ASOS has acknowledged the performance marketing elephant in the room
Ben Shepherd
Advertising, marketing + Media. Subscribe to Signal. Currently building what's next.
The comments from ASOS CEO José Antonio Ramos Calamonte last week around the challenges the business is facing due to an over reliance on 'performance media' were the first real public acknowledgements of what is a huge problem from a CEO on the marketing challenges that the majority of the category is facing right now.
ASOS had been allocating 80% of its marketing investment (which for F22 was over 220 million pound) to performance media, and is in a situation now where the more the business scales the bigger the problem gets.
A crude analog for this approach is an athlete deciding to take steroids only until they're able to 'win', with the intent of once they're winning they'll be able to pull back from them and comfortably remain in the lead. But the issue is the reason they're winning is mainly the steroids, so without them they don't know how to. What's worse is, everyone can access the same steroids, so the way to keep winning isn't to stop taking them, it's to take MORE of them!
Calamonte is deciding to take on a critical business issue head on - ASOS's reliance on paying a middleman for traffic. His acknowledgement that the business has underinvested in brand marketing is shorthand for saying that the salience of ASOS in the minds of its target customers is insufficient, and as a result it has to spend most of its resources on renting customers from the large digital platforms.

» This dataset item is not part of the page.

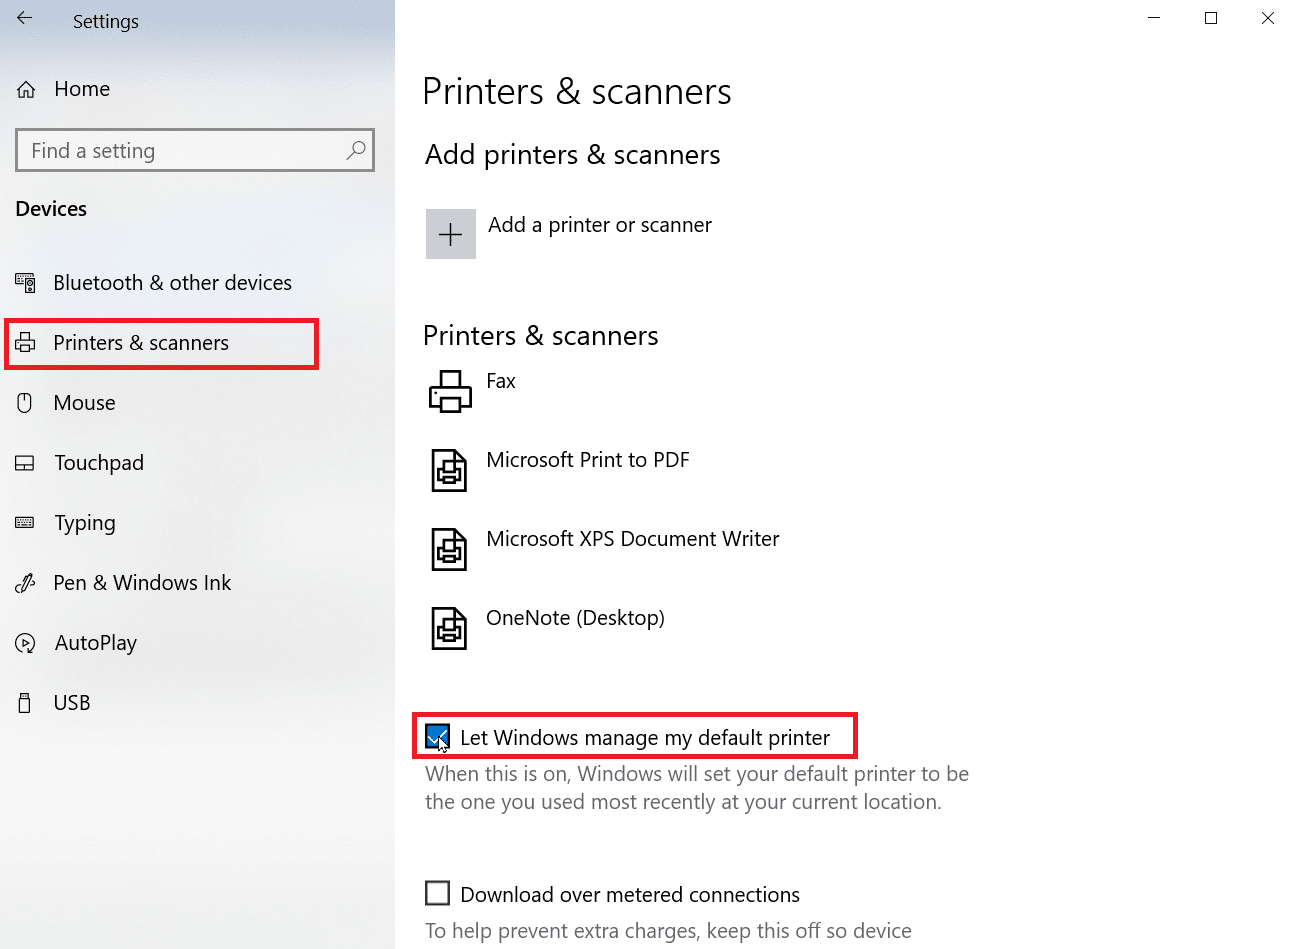 go to printers and scanners and uncheck let windows manage my default printer

Renting is a key term here, as it's not accurate to use the term 'acquired'. You're not acquiring customers if a large chunk of them continue to come through you via the digital platforms. And you're not acquiring them if the way to drive a sale more often than not is winning a bid against a competitor for a search term of piece of inventory.
As mentioned above, this is not an issue unique to ASOS. In fact, ASOS is one of the rare businesses publicly leaning into the challenge. Almost every online pureplay is facing these headwinds
Here are 7 charts from ASOS that demonstrate the issue. (all data is taken from the ASOS investor centre)
The red line shows ASOS is steadily growing total visits from 2016 to 2022, but as these visits increase, the cost per visit also increases. So as visits scale, the cost for each visit doesn't go down ... it goes up! The result, the bigger you get the more expensive it becomes just to maintain the status quo.
ASOS gross profit (revenue - cost of goods sold) has been tracking up (despite being flat 21 and 22), but since 2020 marketing investment as a percentage of gross profit has increased significantly, and in 2022 is at record levels. The bigger the business, the less efficient the marketing spend becomes. It's worth noting for some Australian online pure plays, marketing costs represent 30-40% of gross profit.
Total orders (red line) keep on increasing, but the marketing cost allocated to each order is increasing at the unit cost level. So not only is marketing becoming more expensive as the business scales, but at the unit level the marketing cost to obtain one order is becoming more expensive, not less.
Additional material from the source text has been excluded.